Harvard Pilgrim Health Care is working with health care providers throughout the region on an innovative, multi-faceted plan to better coordinate behavioral and medical health care for patients. As part of this initiative, Harvard Pilgrim has made quality grants to selected providers who are working to integrate these two facets of health care. Integration is of particular interest to those providers involved in Patient Centered Medical Homes (PCMH), a model that emphasizes care coordination among a patient’s specialists and primary care providers.

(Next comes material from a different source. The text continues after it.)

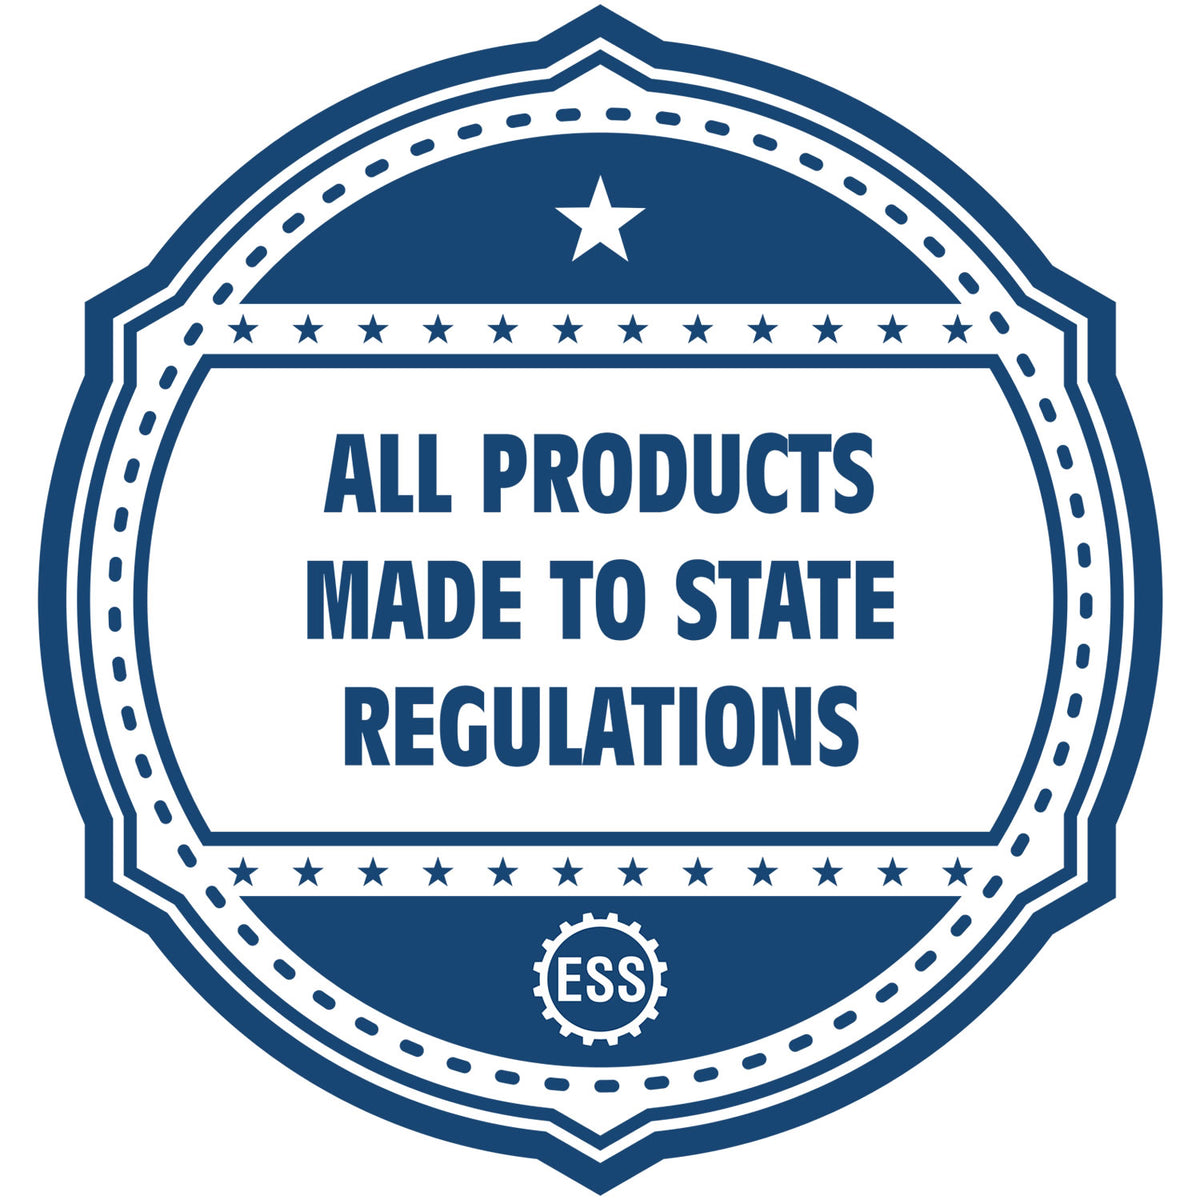 An icon or badge element for the Long Reach Florida PE Seal showing that this product is made in compliance with state regulations.

“We want to weave behavioral health and substance abuse detection, intervention, and follow-up into the fabric of primary care,” said Joel Rubinstein, MD, Harvard Pilgrim’s medical director for behavioral health. “This encourages providers to focus on the whole patient, giving behavioral health as much emphasis as physical health, because they are both critical to wellness.”
Quality Grants
The quality grants have been awarded to nine physician practices in Massachusetts, New Hampshire and Maine for projects that bring a behavioral health perspective into primary or specialty care settings. Many of the recipients are making behavioral health providers an essential part of the Patient Centered Medical Home. The grants are given to a physician leader and support personnel such as a registered nurse or social worker, or behavioral health specialists such as psychologist, residents in training, behaviorist or peer support teams.